● Records provided:
※ ※ ※

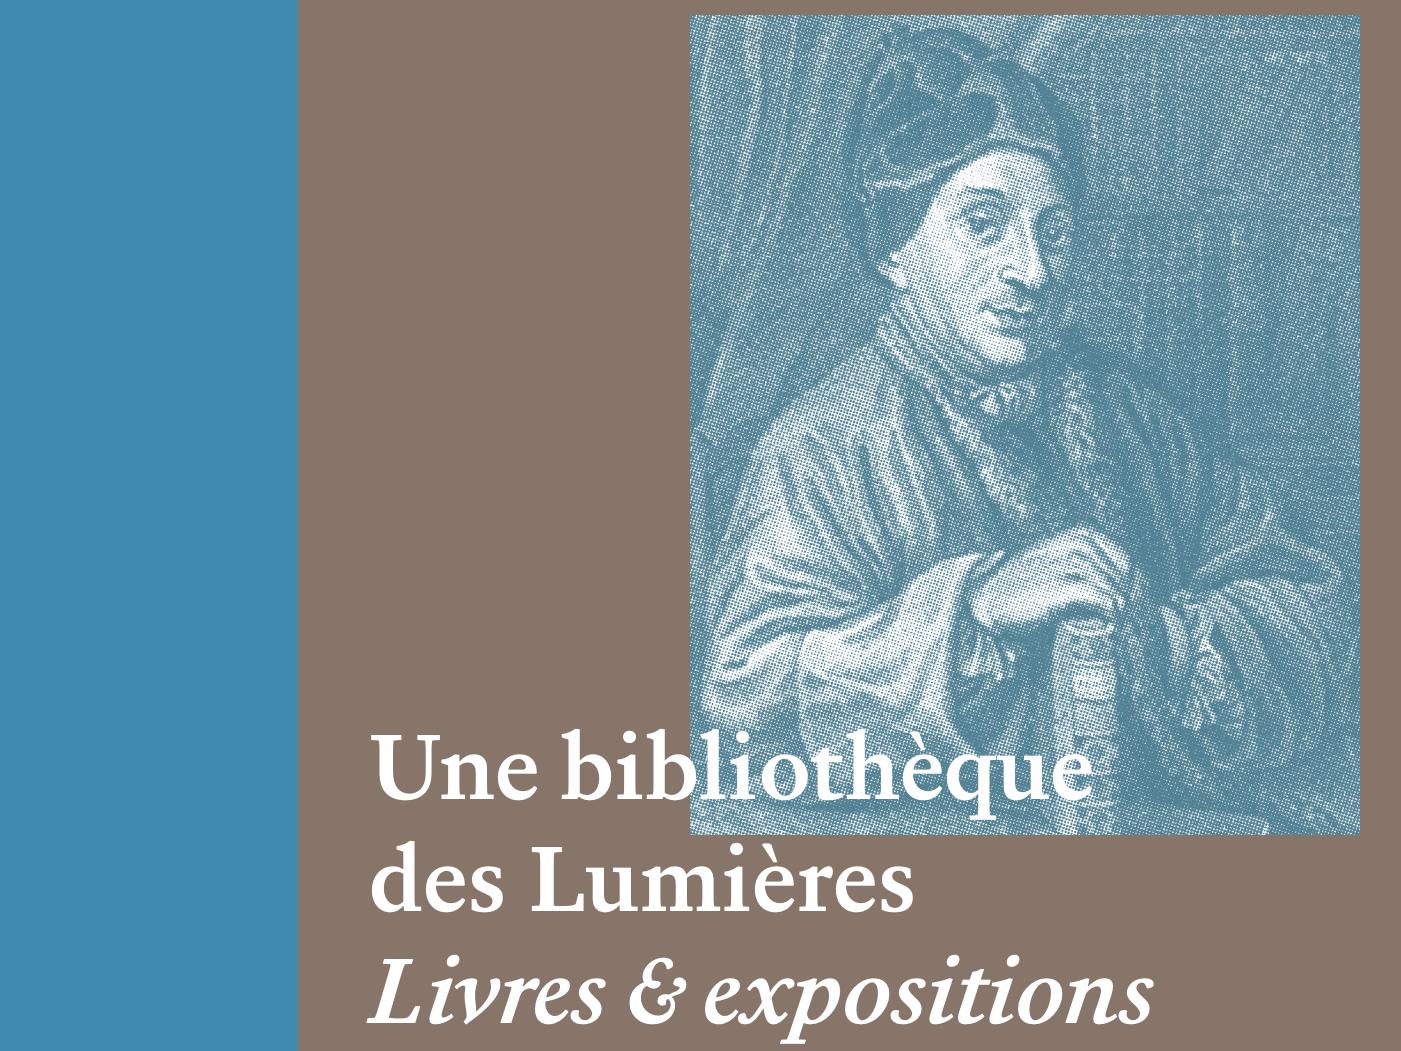 La bibliothèque des Lumières. Cycle de conférences au Musée d'Yverdon (Suisse)
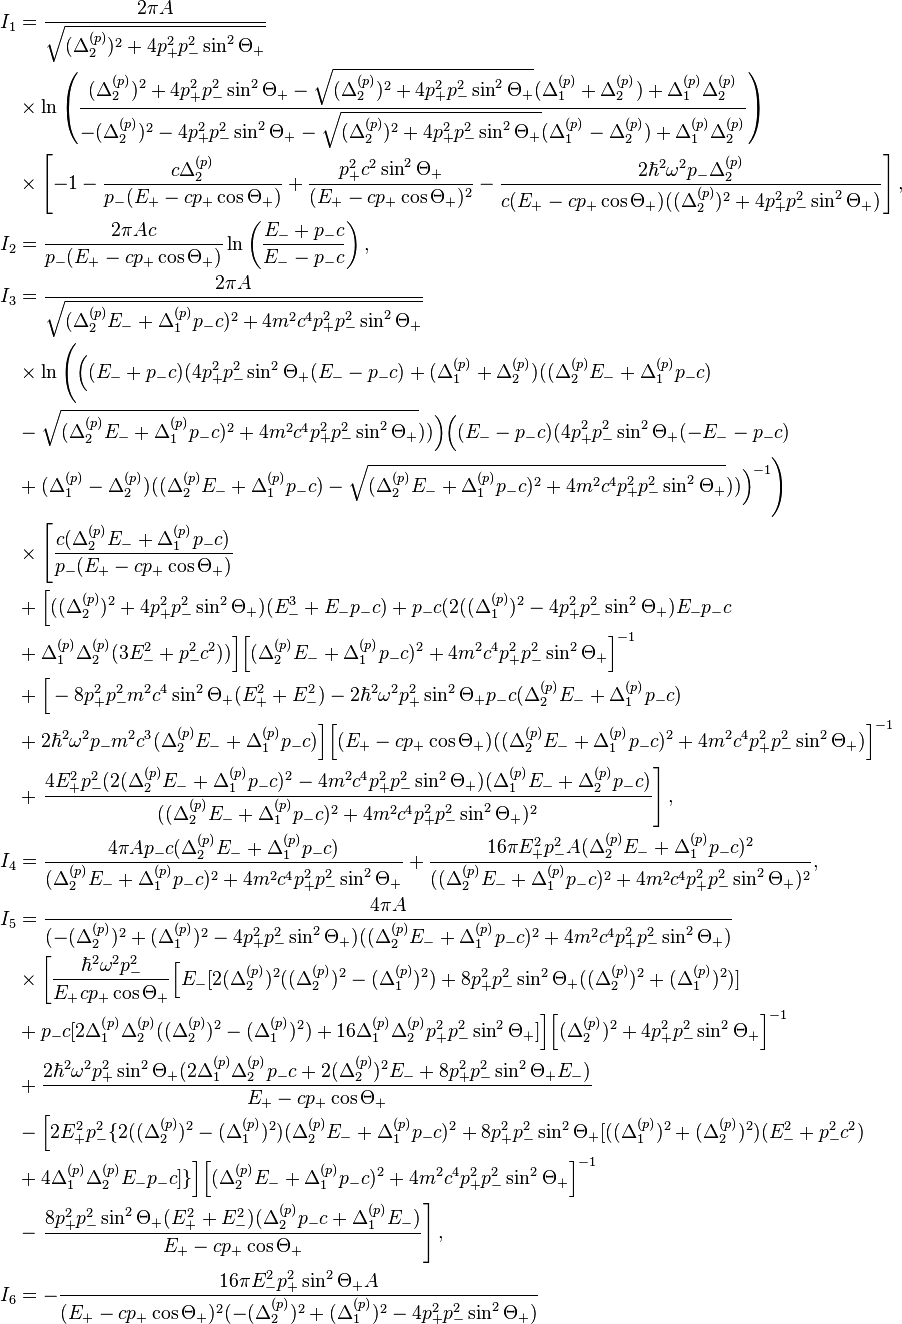 
\begin{align}
I_1&=\frac{2\pi A}{\sqrt{(\Delta^{(p)}_2)^2+4p_+^2p_-^2\sin^2\Theta_+}} \\
&\times
\ln\left(\frac{(\Delta^{(p)}_2)^2+4p_+^2p_-^2\sin^2\Theta_+-\sqrt{(\Delta^{(p)}_2)^2+4p_+^2p_-^2\sin^2
\Theta_+}(\Delta^{(p)}_1+\Delta^{(p)}_2)+\Delta^{(p)}_1\Delta^{(p)}_2}{-(\Delta^{(p)}_2)
^2-4p_+^2p_-^2\sin^2\Theta_+
-\sqrt{(\Delta^{(p)}_2)^2+4p_+^2p_-^2\sin^2 \Theta_+}(\Delta^{(p)}_1-\Delta^{(p)}_2)+\Delta^{(p)}_1\Delta^{(p)}_2
}\right) \\
&\times\left[-1-\frac{c\Delta^{(p)}_2}{p_-(E_+-cp_+\cos\Theta_+)}+\frac{p_+^2c^2\sin^2\Theta_+}
{(E_+-cp_+\cos\Theta_+)^2}-\frac{2\hbar^2\omega^2p_-\Delta^{(p)}_2}{c(E_+-cp_+\cos
\Theta_+)((\Delta^{(p)}_2)^2+4p_+^2p_-^2\sin^2\Theta_+)}\right], \\
I_2&=\frac{2\pi Ac}{p_-(E_+-cp_+\cos\Theta_+)}\ln\left(
\frac{E_-+p_-c}{E_--p_-c}\right), \\
I_3&=\frac{2\pi A}{\sqrt{(\Delta^{(p)}_2E_-+\Delta^{(p)}_1p_-c)^2+4m^2c^4p_+^2p_-^2\sin^2\Theta_+
}}  \\
&\times\ln\Bigg(\Big((E_-+p_-c)(4p_+^2p_-^2\sin^2\Theta_+(E_--p_-c)+(\Delta^{(p)}_1+\Delta^{(p)}_2)
((\Delta^{(p)}_2E_-+\Delta^{(p)}_1p_-c) \\
&-\sqrt{(\Delta^{(p)}_2E_-+\Delta^{(p)}_1p_-c)^2+4m^2c^4p_+^2p_-^2\sin^2\Theta_+}))\Big)\Big((E_--p_-c)
(4p_+^2p_-^2\sin^2\Theta_+(-E_--p_-c) \\
&+(\Delta^{(p)}_1-\Delta^{(p)}_2)
((\Delta^{(p)}_2E_-+\Delta^{(p)}_1p_-c)-\sqrt{(\Delta^{(p)}_2E_-+\Delta^{(p)}_1p_-c)^2+4m^2c^4p_+^2p_-^2\sin^2\Theta_+}))\Big)^{-1}\Bigg)  \\
&\times\left[\frac{c(\Delta^{(p)}_2E_-+\Delta^{(p)}_1p_-c)}{p_-(E_+-cp_+\cos\Theta_+)}\right.\\
&+\Big[((\Delta^{(p)}_2)^2+4p_+^2p_-^2\sin^2\Theta_+)(E_-^3+E_-p_-c)+p_-c(2
((\Delta^{(p)}_1)^2-4p_+^2p_-^2\sin^2\Theta_+)E_-p_-c \\
&+\Delta^{(p)}_1\Delta^{(p)}_2(3E_-^2+p_-^2c^2))\Big]\Big[(\Delta^{(p)}_2E_-+\Delta^{(p)}_1p_-c)^2+4m^2c^4p_+^2p_-^2\sin^2\Theta_+\Big]^{-1} \\
&+\Big[-8p_+^2p_-^2m^2c^4\sin^2\Theta_+(E_+^2+E_-^2)-2\hbar^2\omega^2p_+^2\sin^2\Theta_+p_-c(\Delta^{(p)}_2E_-+\Delta^{(p)}_1p_-c) \\
&+2\hbar^2\omega^2p_- m^2c^3(\Delta^{(p)}_2E_-+\Delta^{(p)}_1p_-c)\Big]
\Big[(E_+-cp_+\cos\Theta_+)((\Delta^{(p)}_2E_-+\Delta^{(p)}_1p_-c)^2+4m^2c^4p_+^2p_-^2\sin^2\Theta_+)\Big]^{-1} \\
&+\left.\frac{4E_+^2p_-^2(2(\Delta^{(p)}_2E_-+\Delta^{(p)}_1p_-c)^2-4m^2c^4p_+^2p_-^2\sin^2\Theta_+)(\Delta^{(p)}_1E_-+\Delta^{(p)}_2p_-c)}{((\Delta^{(p)}_2E_-+\Delta^{(p)}_1p_-c)^2+4m^2c^4p_+^2p_-^2\sin^2\Theta_+)^2}\right], \\
I_4&=\frac{4\pi Ap_-c(\Delta^{(p)}_2E_-+\Delta^{(p)}_1p_-c)}{(\Delta^{(p)}_2E_-+\Delta^{(p)}_1p_-c)^2+4m^2c^4p_+^2p_-^2\sin^2\Theta_+}+\frac{16\pi E_+^2p_-^2
A(\Delta^{(p)}_2E_-+\Delta^{(p)}_1p_-c)^2}{((\Delta^{(p)}_2E_-+\Delta^{(p)}_1p_-c)^2+4m^2c^4p_+^2p_-^2\sin^2\Theta_+)^2}, \\
I_5&=\frac{4\pi A}{(-(\Delta^{(p)}_2)^2+(\Delta^{(p)}_1)^2-4p_+^2p_-^2\sin^2\Theta_+)
((\Delta^{(p)}_2E_-+\Delta^{(p)}_1p_-c)^2+4m^2c^4p_+^2p_-^2\sin^2\Theta_+)} \\
&\times\left[\frac{\hbar^2\omega^2p_-^2}{E_+cp_+\cos\Theta_+}
\Big[E_-[2(\Delta^{(p)}_2)^2((\Delta^{(p)}_2)^2-(\Delta^{(p)}_1)^2)+8p_+^2p_-^2\sin^2\Theta_+((\Delta^{(p)}_2)^2+(\Delta^{(p)}_1)^2)]
\right.\\
&+p_-c[2\Delta^{(p)}_1\Delta^{(p)}_2((\Delta^{(p)}_2)^2-(\Delta^{(p)}_1)^2)+16\Delta^{(p)}_1\Delta^{(p)}_2p_+^2p_-^2\sin^2\Theta_+]\Big]\Big[(\Delta^{(p)}_2)^2+4p_+^2p_-^2\sin^2\Theta_+\Big]^{-1}\\
&+ \frac{2\hbar^2\omega^2 p_{+}^2 \sin^2\Theta_+(2\Delta^{(p)}_1\Delta^{(p)}_2
p_-c+2(\Delta^{(p)}_2)^2E_-+8p_+^2p_-^2\sin^2\Theta_+ E_-)}{E_+-cp_+\cos\Theta_+}\\
&-\Big[2E_+^2p_-^2\{2((\Delta^{(p)}_2)^2-(\Delta^{(p)}_1)^2)(\Delta^{(p)}_2E_-+\Delta^{(p)}_1p_-c)^2
+8p_+^2p_-^2\sin^2\Theta_+[((\Delta^{(p)}_1)^2+(\Delta^{(p)}_2)^2)(E_-^2+p_-^2c^2)\\
&+4\Delta^{(p)}_1\Delta^{(p)}_2E_-p_-c]\}\Big]\Big[(\Delta^{(p)}_2E_-+\Delta^{(p)}_1p_-c)^2+4m^2c^4p_+^2p_-^2\sin^2\Theta_+\Big]^{-1}\\
&-\left.\frac{8p_+^2p_-^2\sin^2\Theta_+(E_+^2+E_-^2)(\Delta^{(p)}_2p_-c +\Delta^{(p)}_1
E_-)}{E_+-cp_+\cos\Theta_+}\right], \\
I_6&=-\frac{16\pi E_-^2p_+^2\sin^2\Theta_+ A}{(E_+-cp_+\cos\Theta_+)^2
(-(\Delta^{(p)}_2)^2+(\Delta^{(p)}_1)^2-4p_+^2p_-^2\sin^2\Theta_+)} 
\end{align}
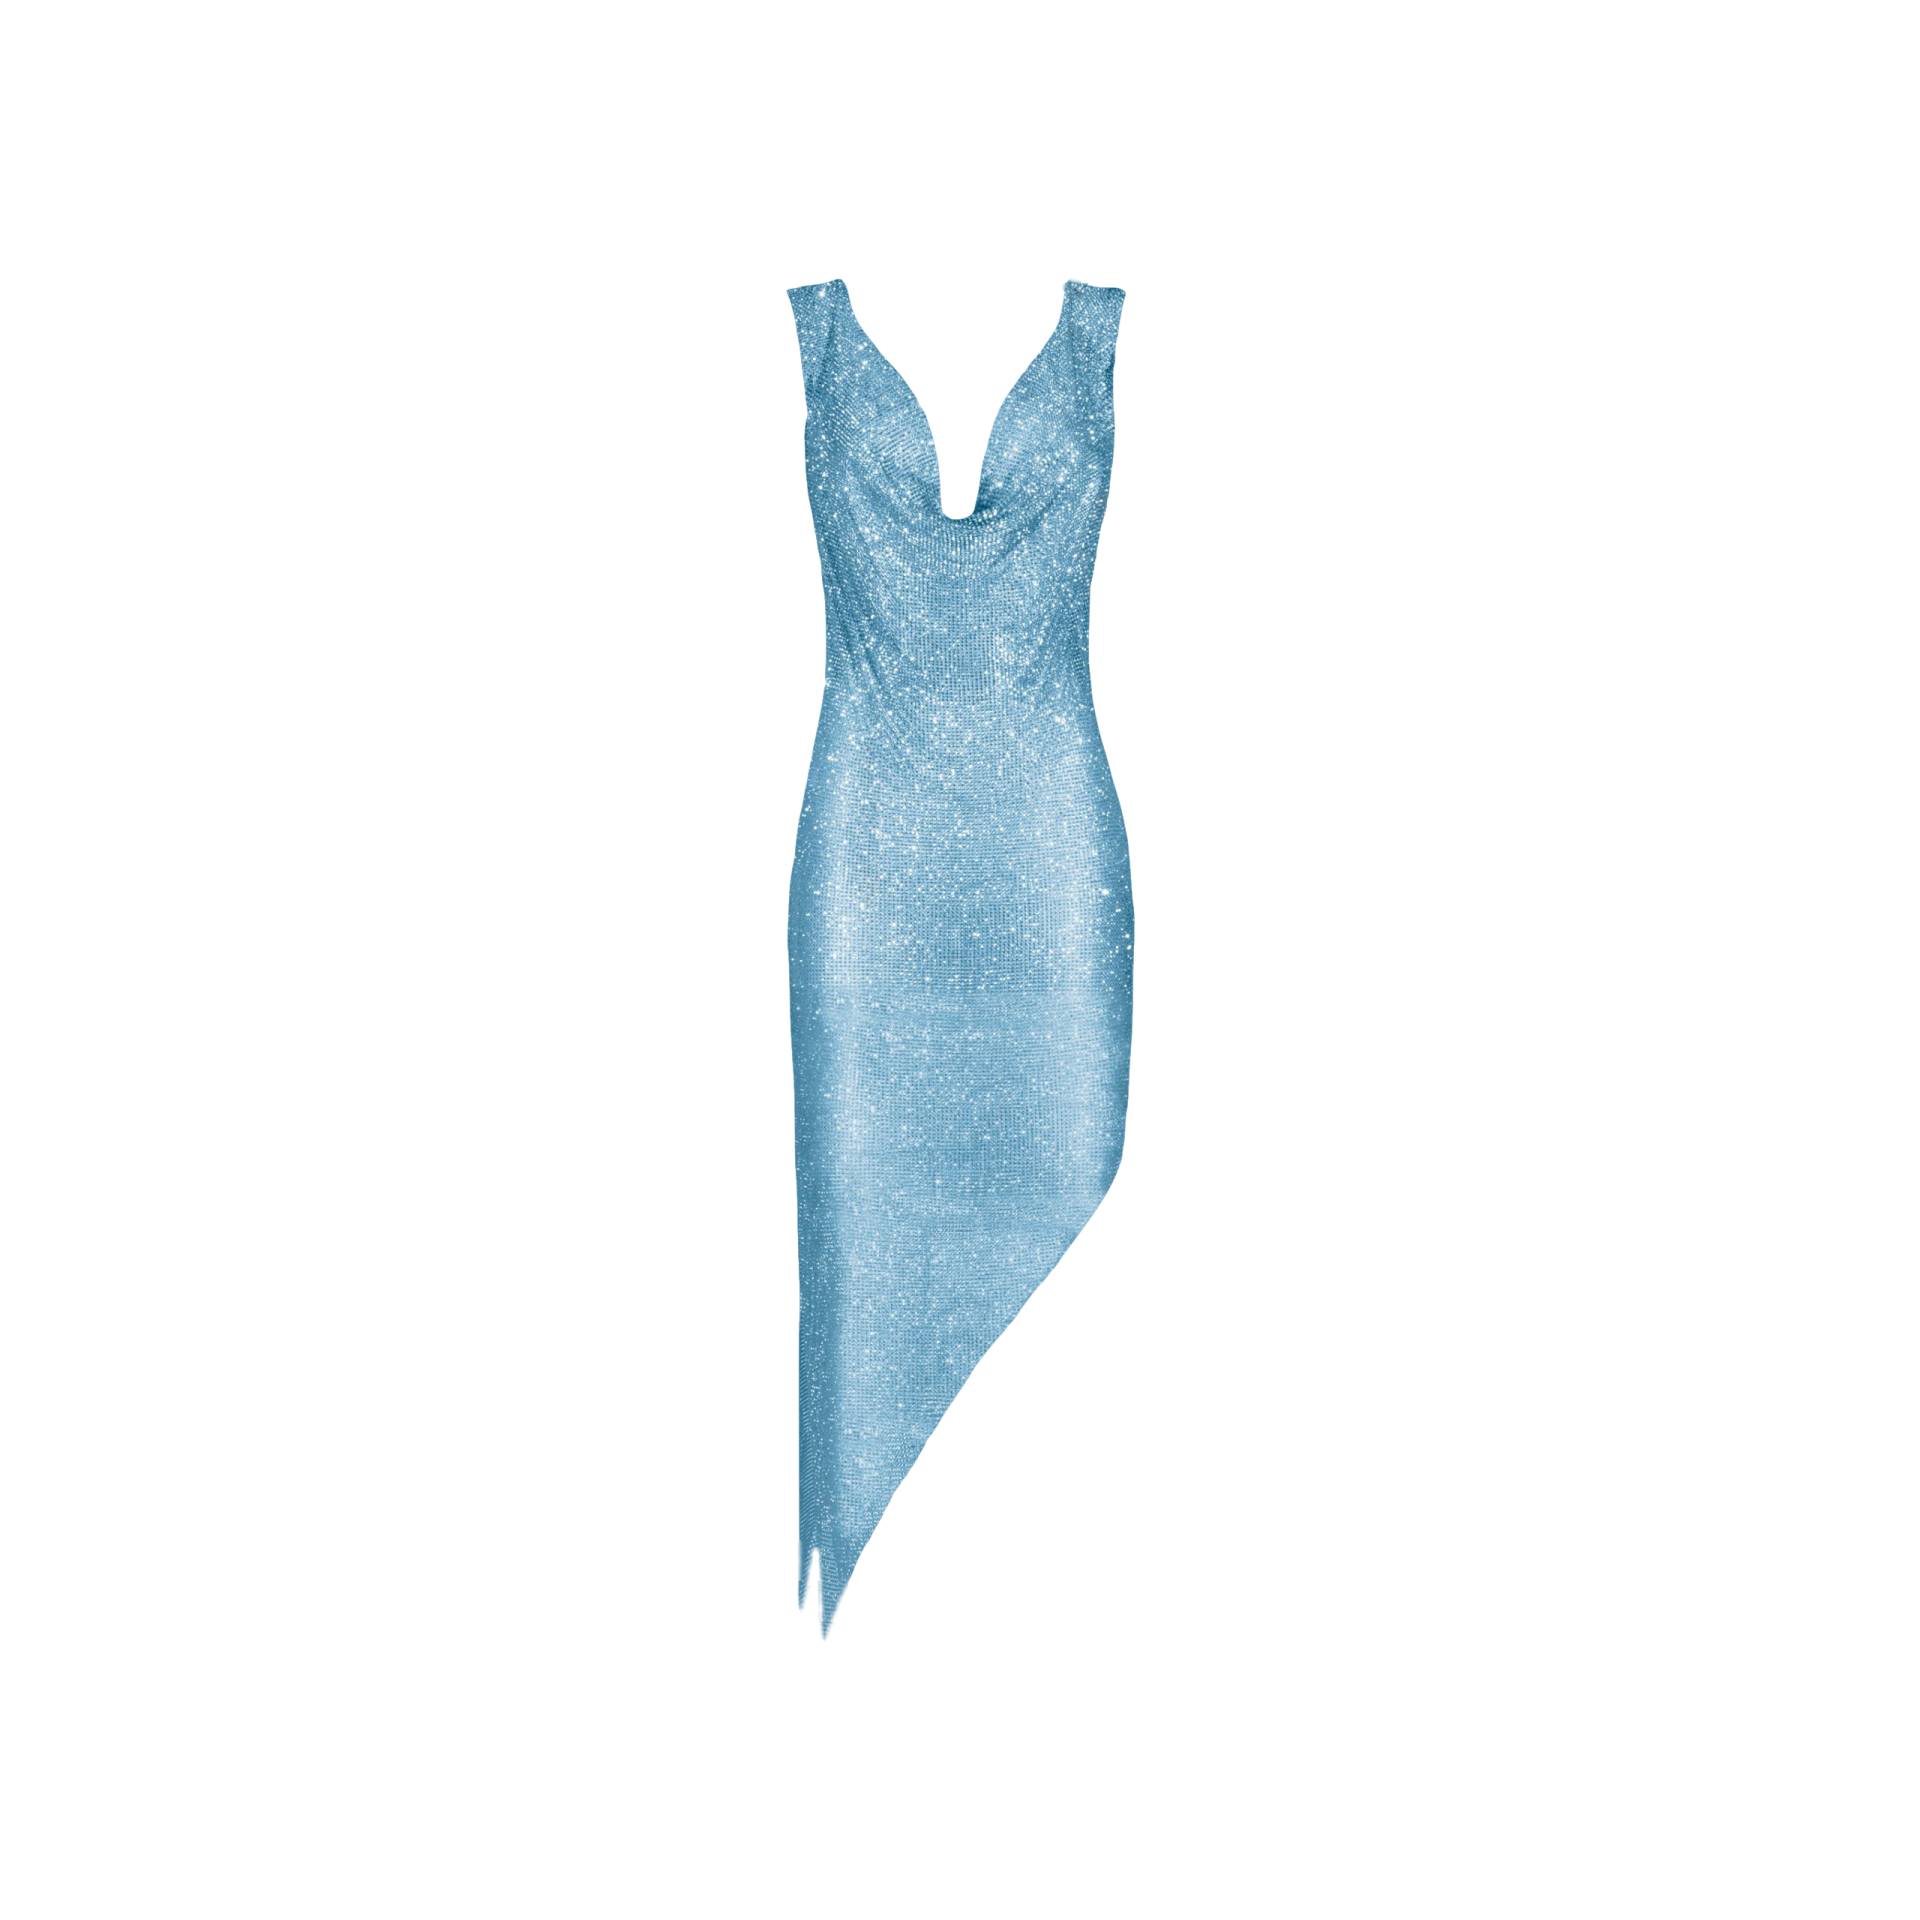 Aqua crystals draped dress von Daniele Morena

※ ※ ※

● To do:
Within the entries, find all lines holding "right" and copy each one.

● Answer:
}\right) \\
\Theta_+)((\Delta^{(p)}_2)^2+4p_+^2p_-^2\sin^2\Theta_+)}\right], \\
\frac{E_-+p_-c}{E_--p_-c}\right), \\
&\times\left[\frac{c(\Delta^{(p)}_2E_-+\Delta^{(p)}_1p_-c)}{p_-(E_+-cp_+\cos\Theta_+)}\right.\\
&+\left.\frac{4E_+^2p_-^2(2(\Delta^{(p)}_2E_-+\Delta^{(p)}_1p_-c)^2-4m^2c^4p_+^2p_-^2\sin^2\Theta_+)(\Delta^{(p)}_1E_-+\Delta^{(p)}_2p_-c)}{((\Delta^{(p)}_2E_-+\Delta^{(p)}_1p_-c)^2+4m^2c^4p_+^2p_-^2\sin^2\Theta_+)^2}\right], \\
\right.\\
E_-)}{E_+-cp_+\cos\Theta_+}\right], \\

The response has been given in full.